Relief fades. This wave has, seemingly, escaped intact. But there are those who remain. The ferry has not given up its prize of souls. We who ride it are there still, grateful for the victory of those who depart--then, as the last of the cars drives away, we glimpse the horror of the scene: the vehicles have no drivers. It is only the machines that have escaped. We, their supposed masters, are left behind. The vegetable-woman in the florescent-orange vest ratchets up the ramp, waves a jaunty goodbye, seeds and rich loam spill from her mouth, green magma drips from her breasts, her legs run white with verdant pus. This is not your home.

The ferry backpedals. We cling to the railing. Inside there are automatons, those who look to be human but feign humanity. They sit on the padded vinyl benches, drum their fingers on the hard formica tables, sip from plastic coffee, chew on mottled croissants. They are not real. We are the real folk, those of us out here on the deck, shivering in the wind. The smiles of those within beckon us, lie to us, tell us to come inside and all will be well. We huddle out of doors, perched against the precipice, looking down and seeing a sight that affirms our role: in the waters below, vast logs the size of cars are seized upon by the ferry, driven under her leaden prow. We await a crunch, a burble, a noise of any sort to note the capsizing and destruction of these wooden pinions. Nothing occurs. They are simply gone, chewed up in the belly of the beast.

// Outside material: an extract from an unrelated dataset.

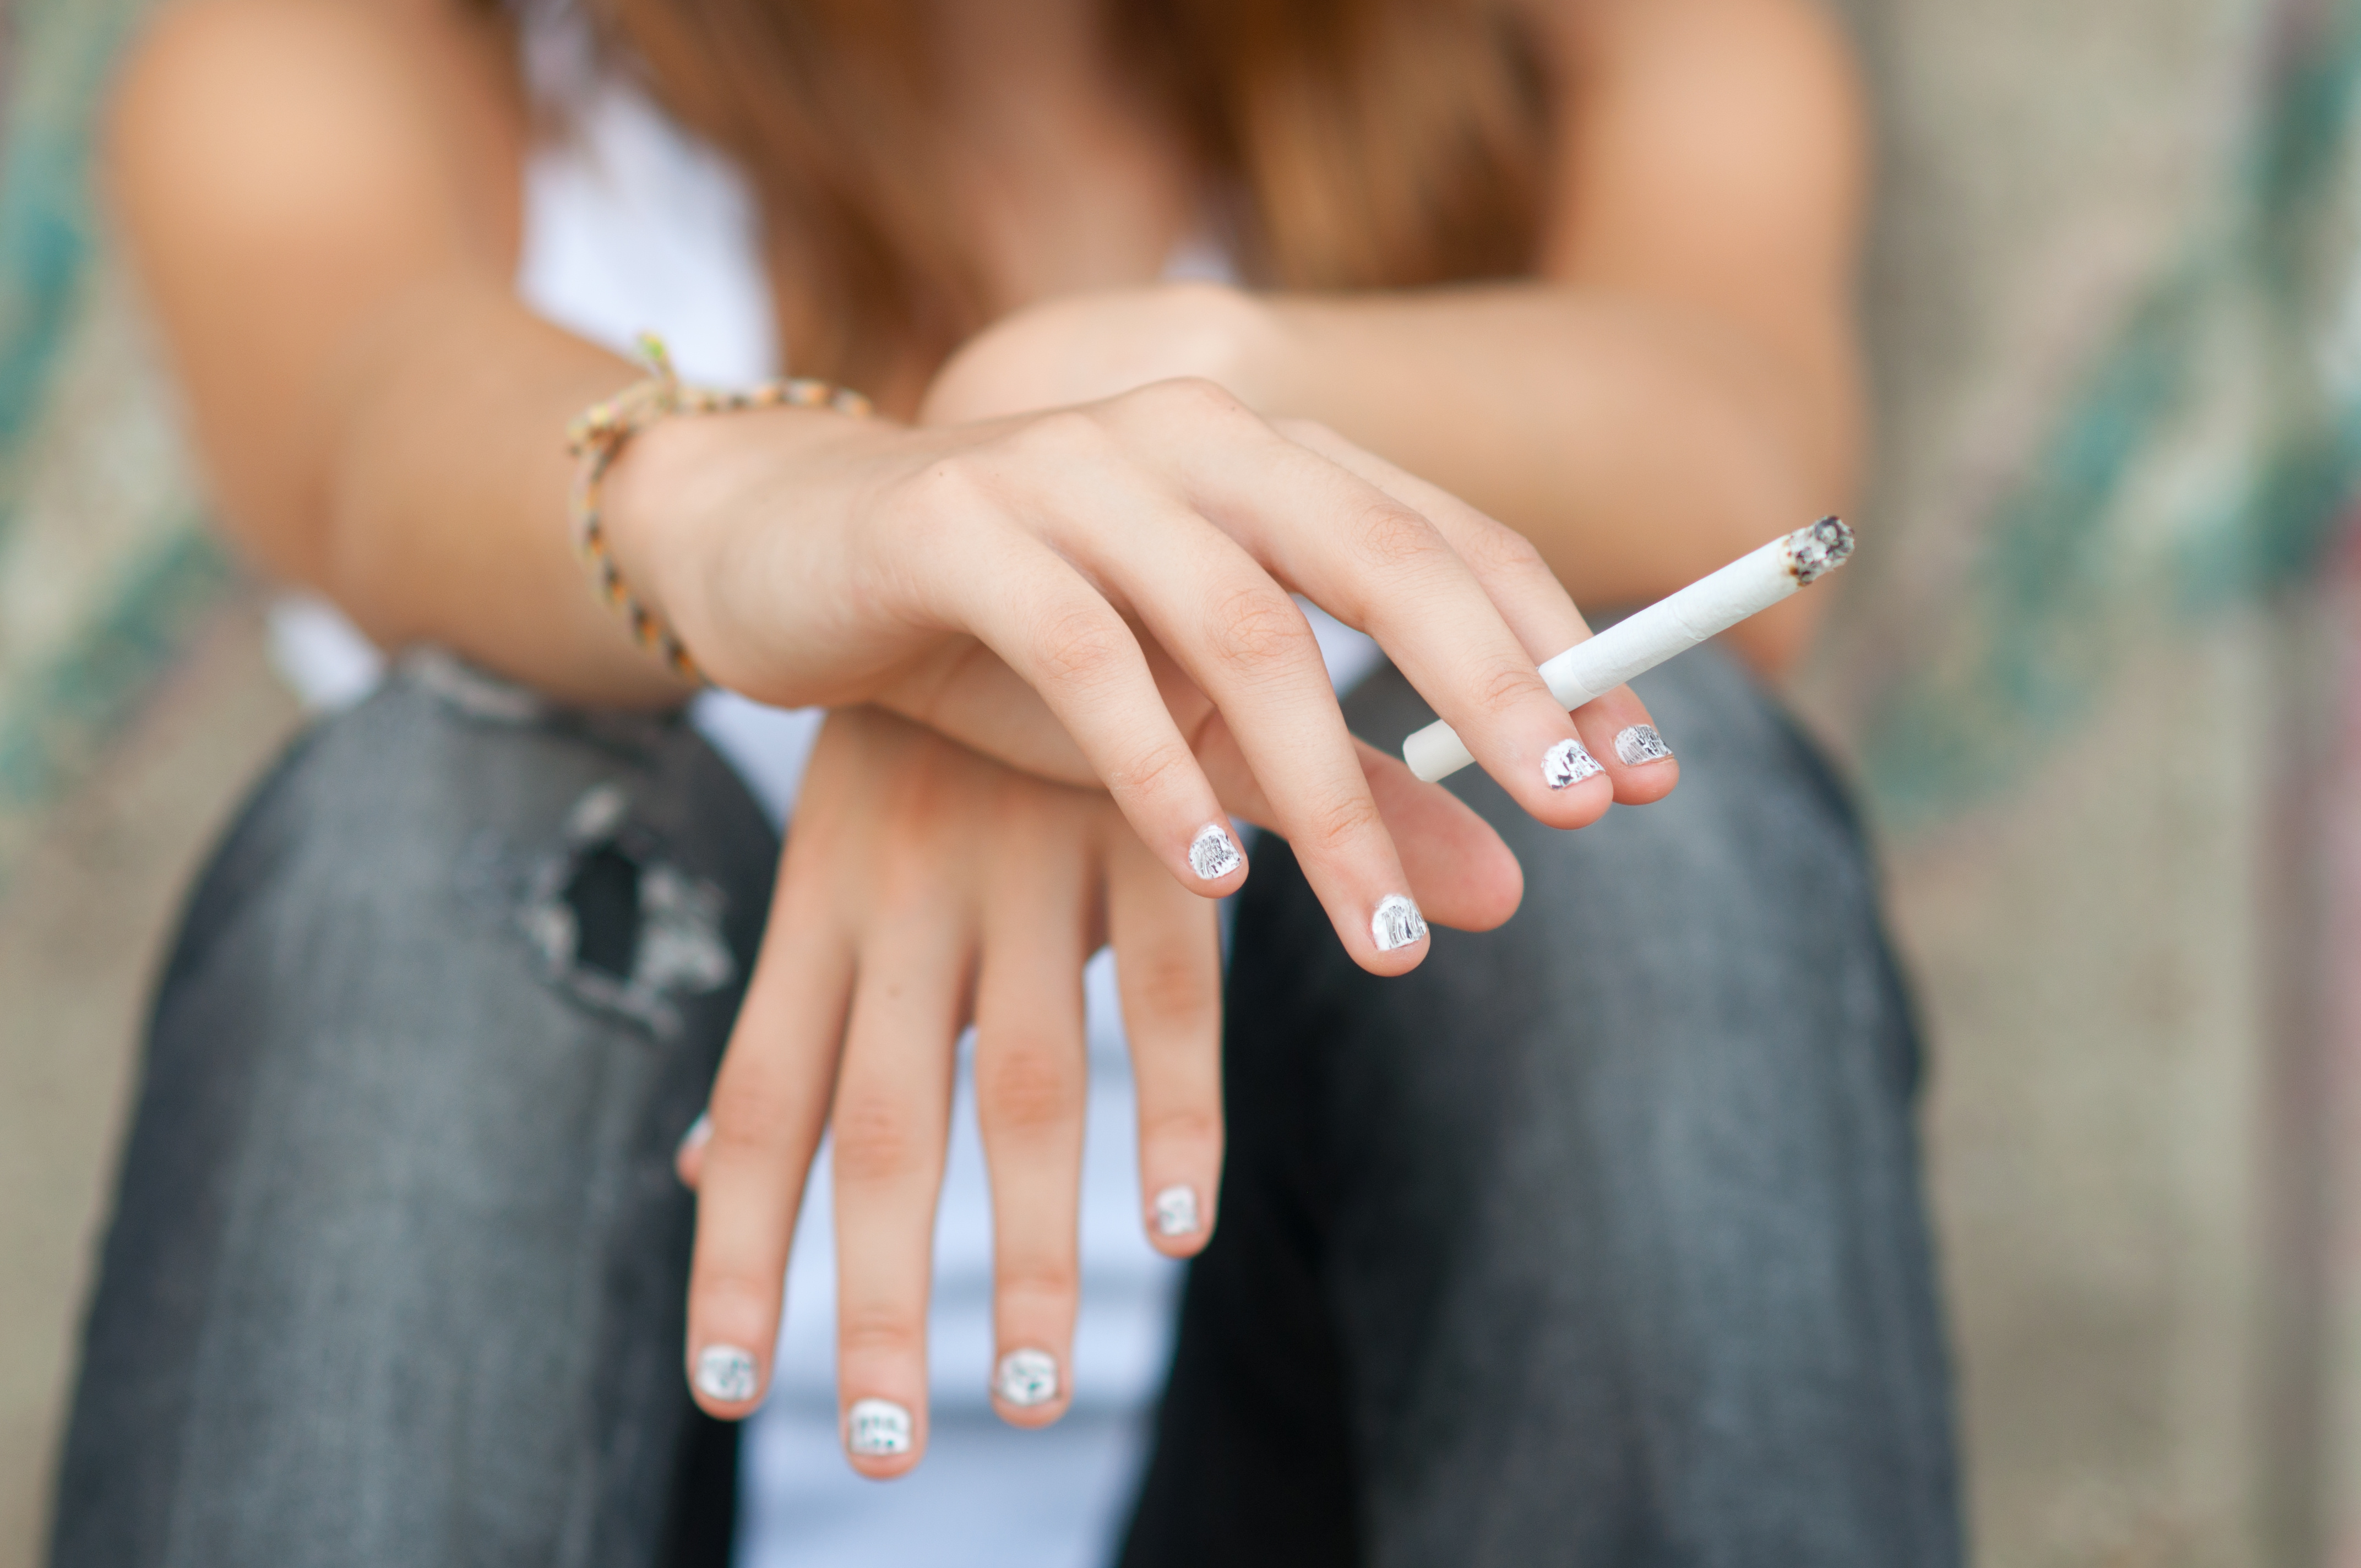 Les femmes sont de plus en plus exposées au cancer, notamment en raison du tabagisme. © Solid photos, Adobe Stock
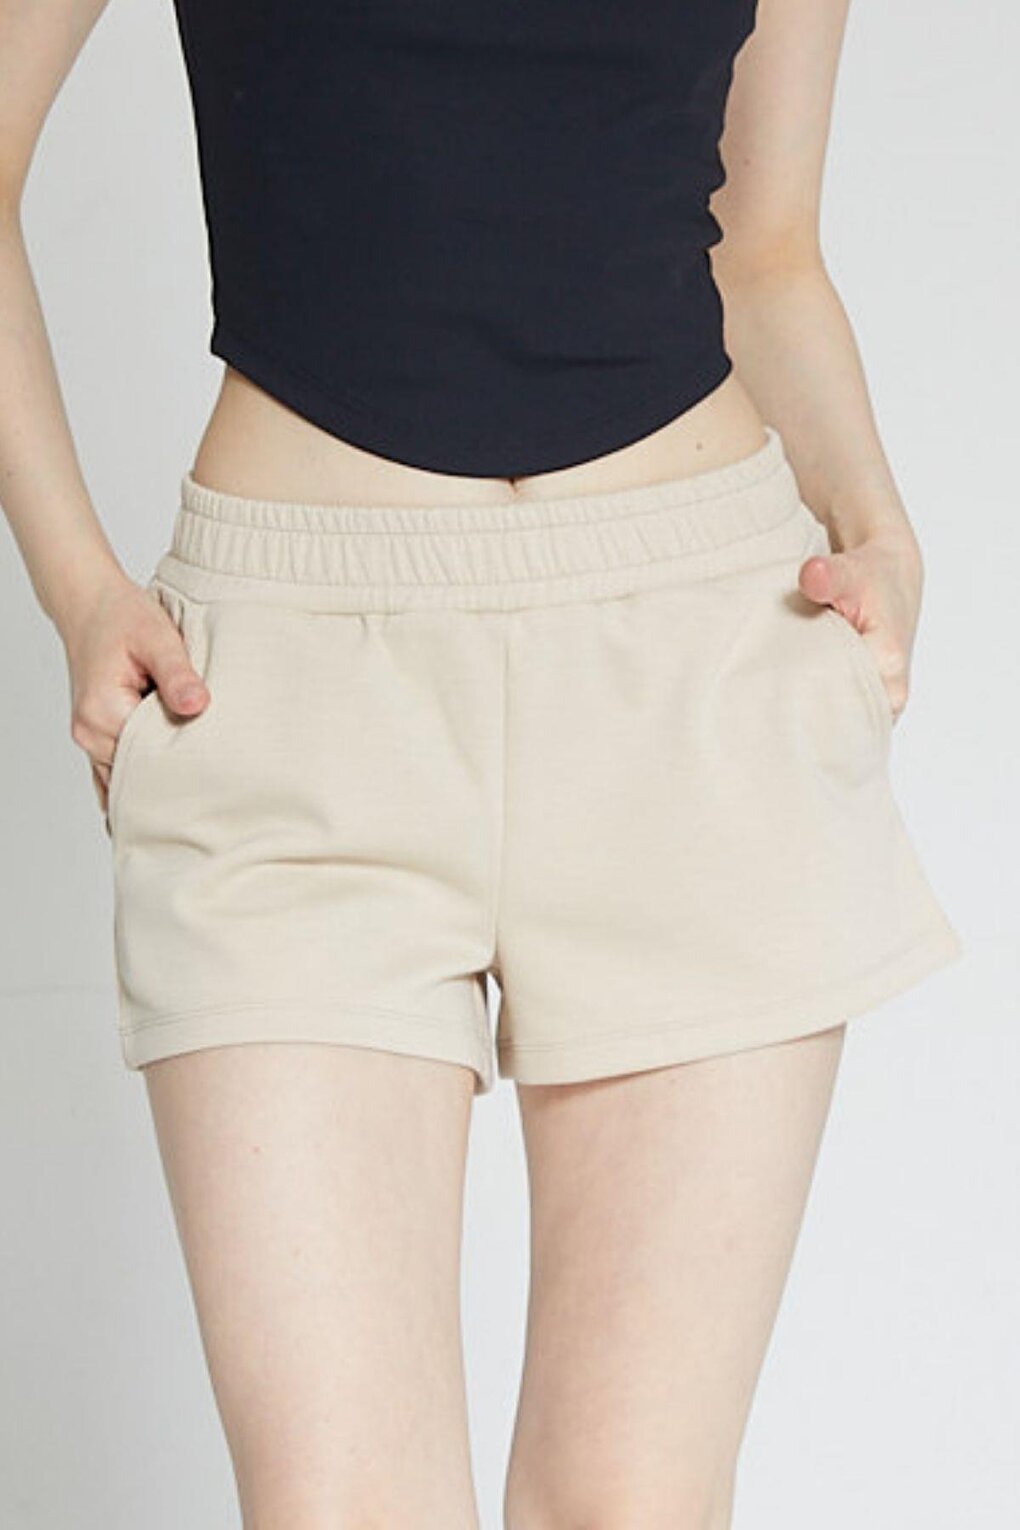 цена Бежевые женские короткие шорты Soft Touch Chandraswear

Darker now, and darker still. We plow on through the islands. Our collective mind projects a paradigm onto the scene: we are aboard the Nostromo, plunging into the heart of darkness. The islands loom large, dark, and lush. Where are the houses? They have been eaten.

Night falls. Our stop cannot be far away. We re-check the posted times--surely we are almost there? Our watches have stopped. Our headphones fall silent. Our lights go out.

We stand in darkness on the prow, my scattered fellow humans and I. The island at last roars out of the deep. The ferry is black with night. The propellers have ceased, yet we press on. We are driven by demons. They scurry about the bulk of the ship, beneath the water, phosphorescent in the dark. Their fingers are legion. They are caressing the ferry, massaging her, spurring her on with tendrils of pleasure. As we near the shore, the dock waits patiently. The same vegetable-woman smiles and waves. Her eyes issue maggots. The demons in the water bring the ferry to the point of climax. Her engines groan, moan, cry out with pleasure. The demons tickle her, finger her, straddle her and infuse their nocturne glow into her private spaces. We grip the rails with white knuckles. Our flesh falls from our bones. We are white and gleaming in the moonlight. Our jaws clatter to the deck. Tendons fray. The ferry cries out, the demons surge, the dock shatters into a thousand splintered trunks and sinks, devoured, into the sea. The ferry climaxes, surges, ferociously mounts the shore. Our whitened bones tumble overboard. We are lost in her orgasm, there in the terrible friction where shore and surf meet and consume each other with a primal hunger millennia older than our pitiful skeletons.

The ferry rises one final time, then collapses, driven far up the shore. We are no more. The ferry and the shore are as one. We are as nothing. Our spirits spiral away, staring blankly down at the consummation of our journey below. Pitiful, we wave goodbye.